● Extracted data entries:
BEGIN
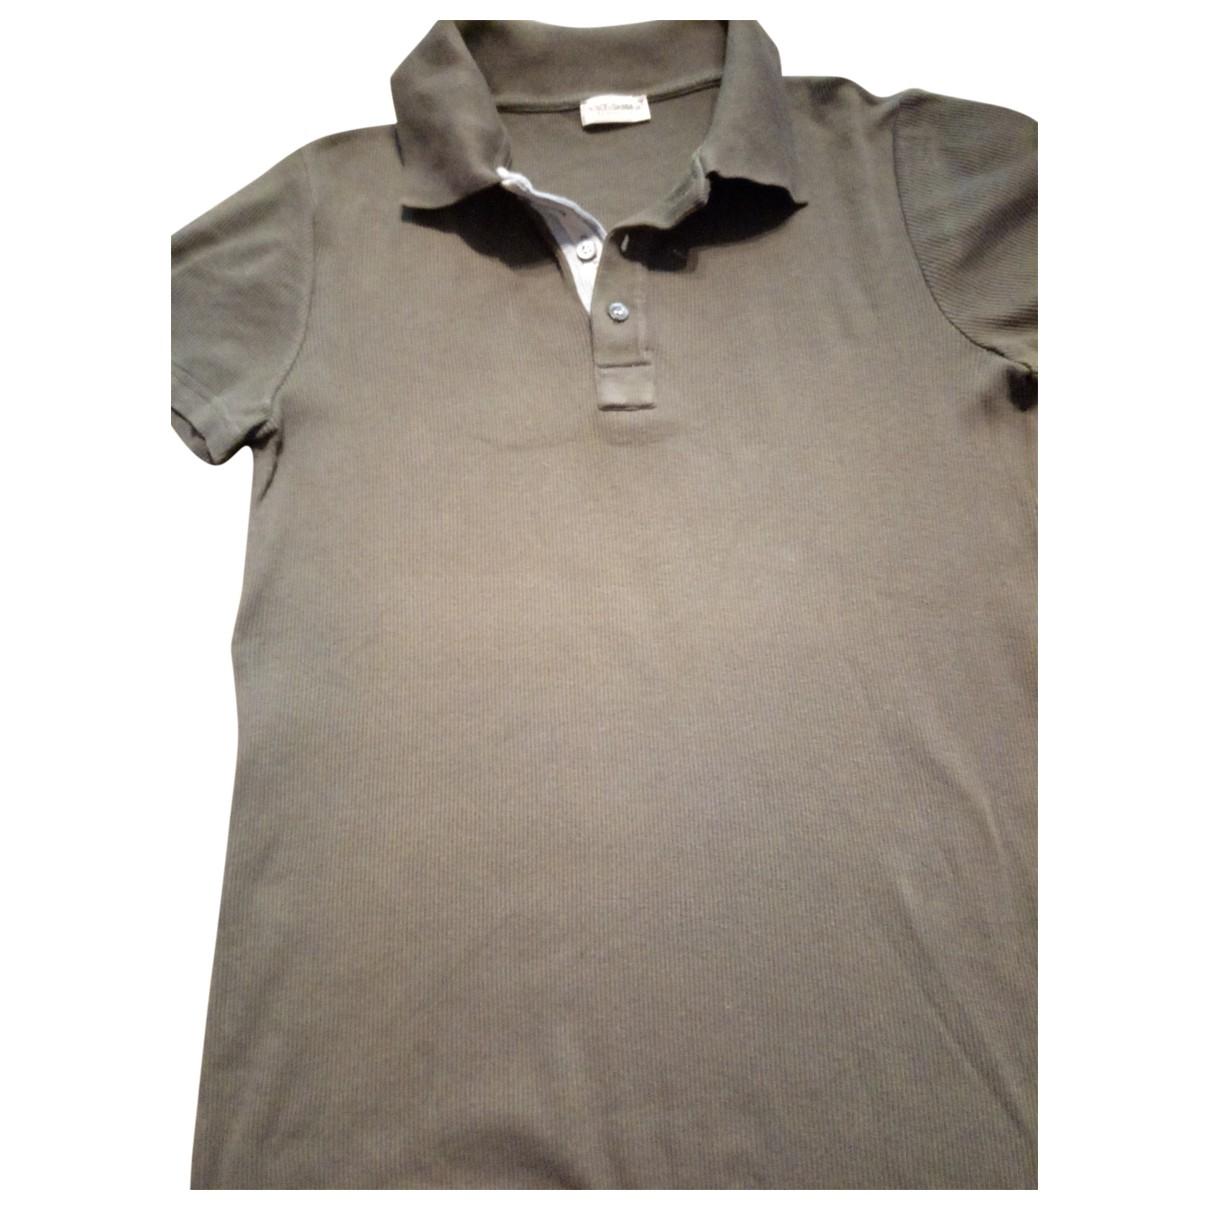 Dolce & Gabbana \N Green Cotton Polo shirts for Men S International
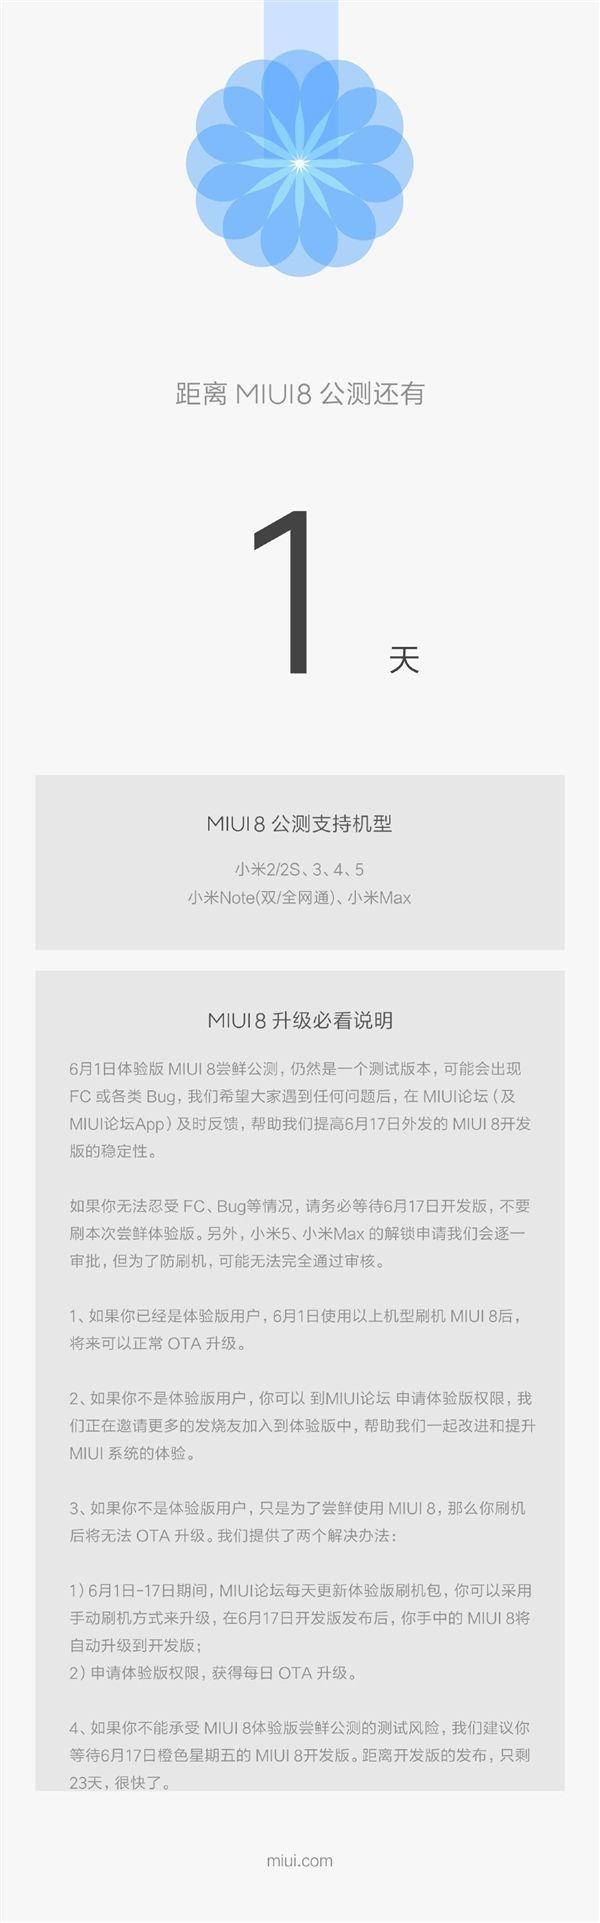 MIUI 8 в качестве официального бета-тестирования станет доступна для Xiaomi Mi2, Mi2S, Mi3, Mi4, Mi Note, Mi5 и Mi Max с 1 июня – фото 2
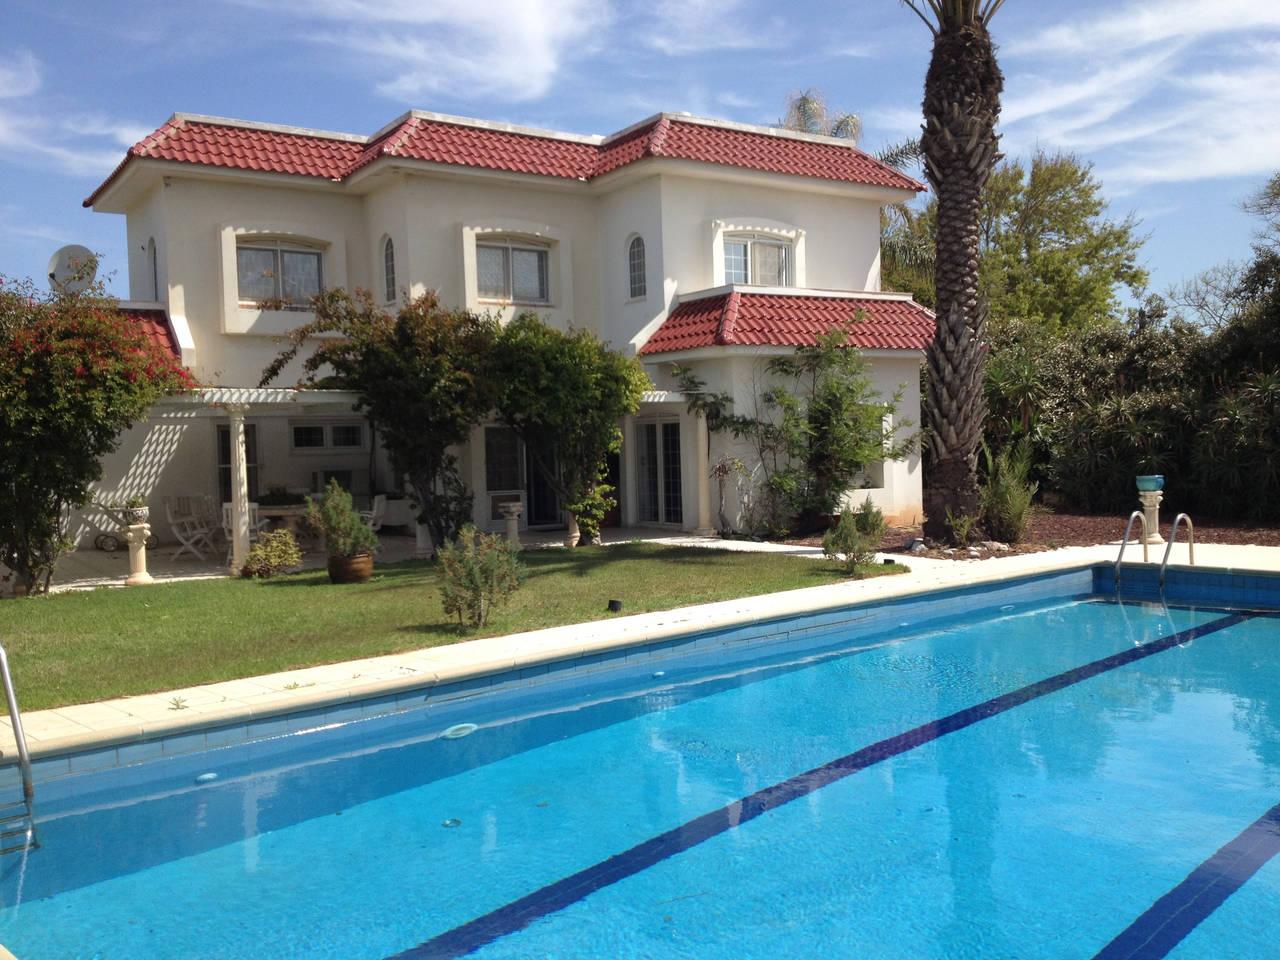 Apartment Dream house by the sea in Caesarea photo 25979665
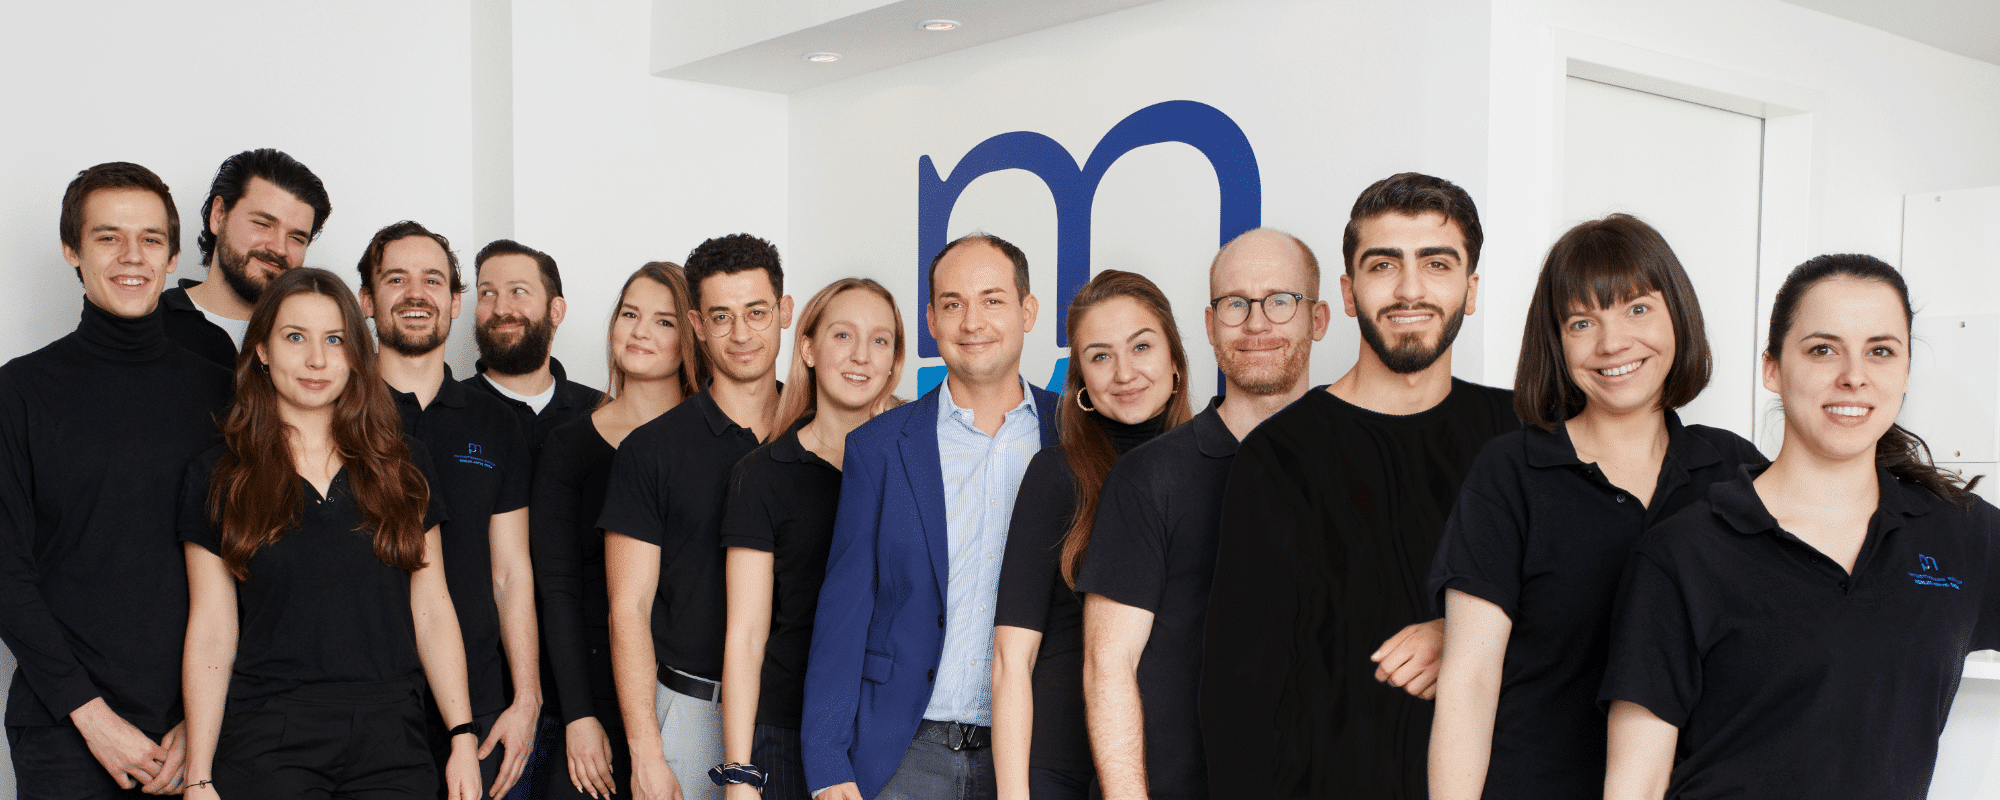 Physiotherapie Berlin Mitte Praxis Team 2020
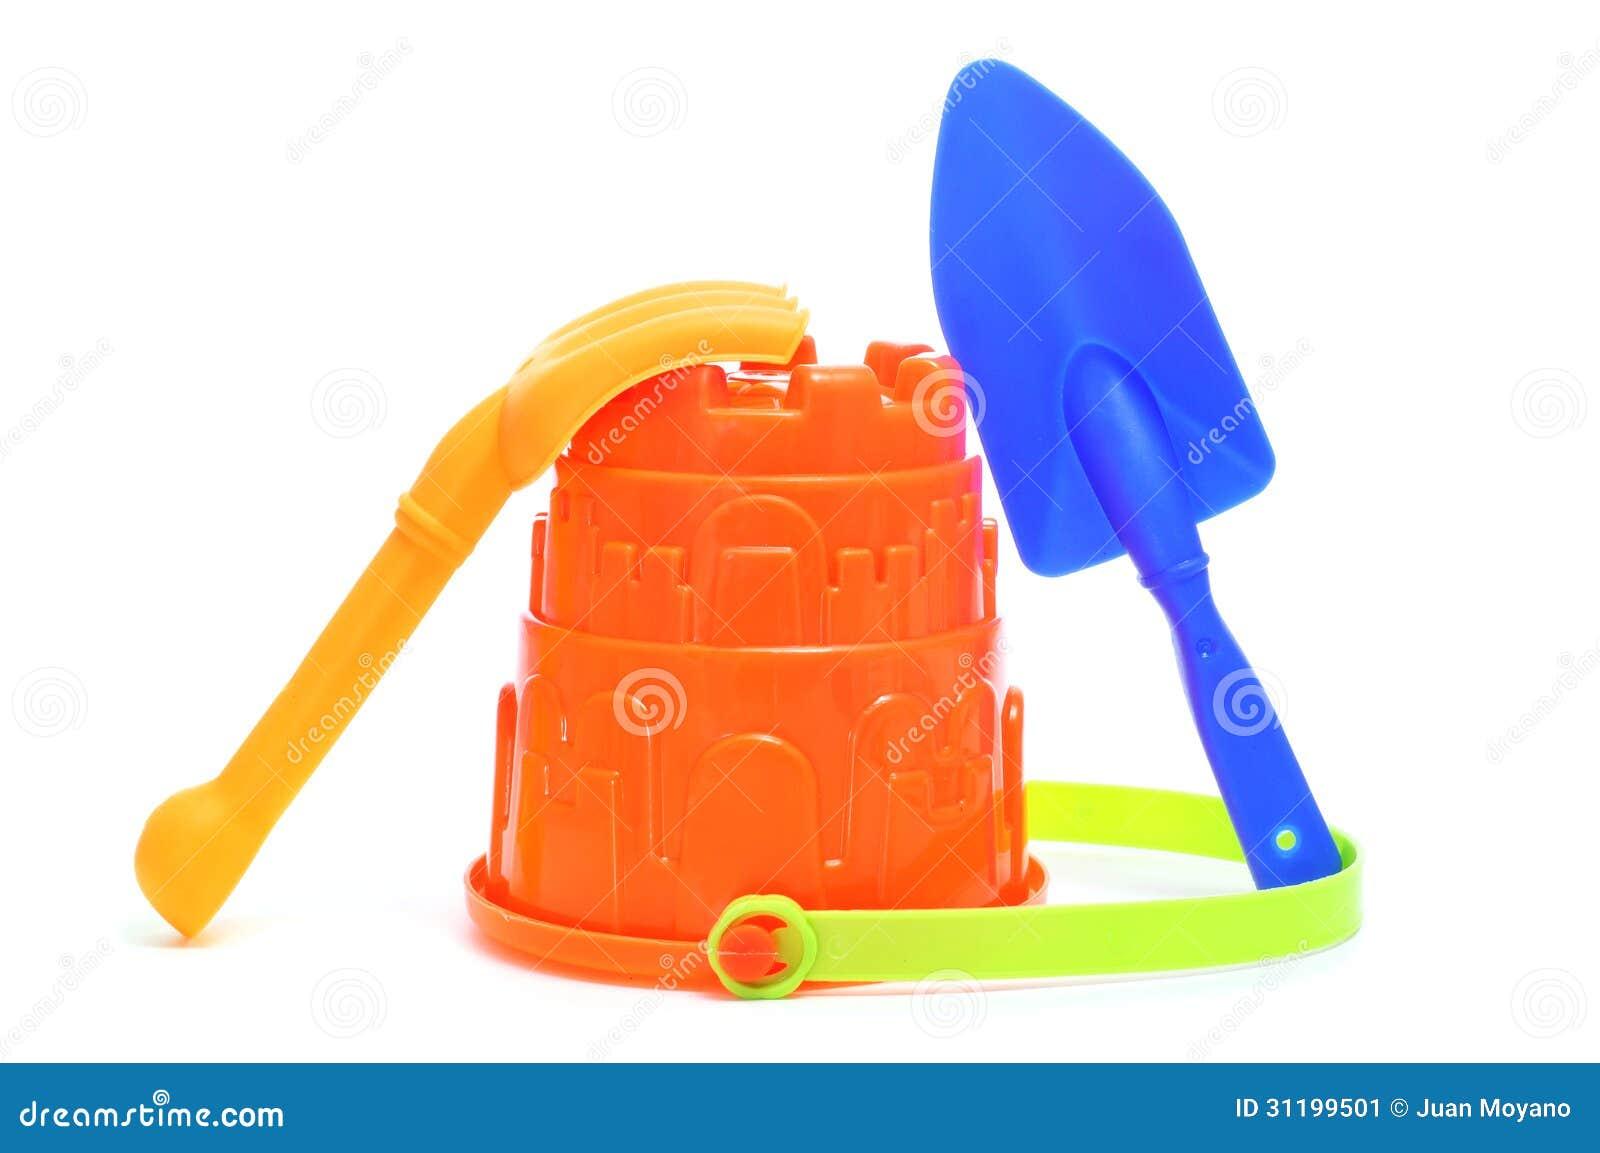 Sand / beach toy set: pail, shovel and rake
END
● WORK TO BE COMPLETED:
Restate the data above exactly, stripping out each image.

● RESPONSE TO THIS TASK:
 Dolce & Gabbana \N Green Cotton Polo shirts for Men S International
 MIUI 8 в качестве официального бета-тестирования станет доступна для Xiaomi Mi2, Mi2S, Mi3, Mi4, Mi Note, Mi5 и Mi Max с 1 июня – фото 2
 Apartment Dream house by the sea in Caesarea photo 25979665
 Physiotherapie Berlin Mitte Praxis Team 2020
 Sand / beach toy set: pail, shovel and rake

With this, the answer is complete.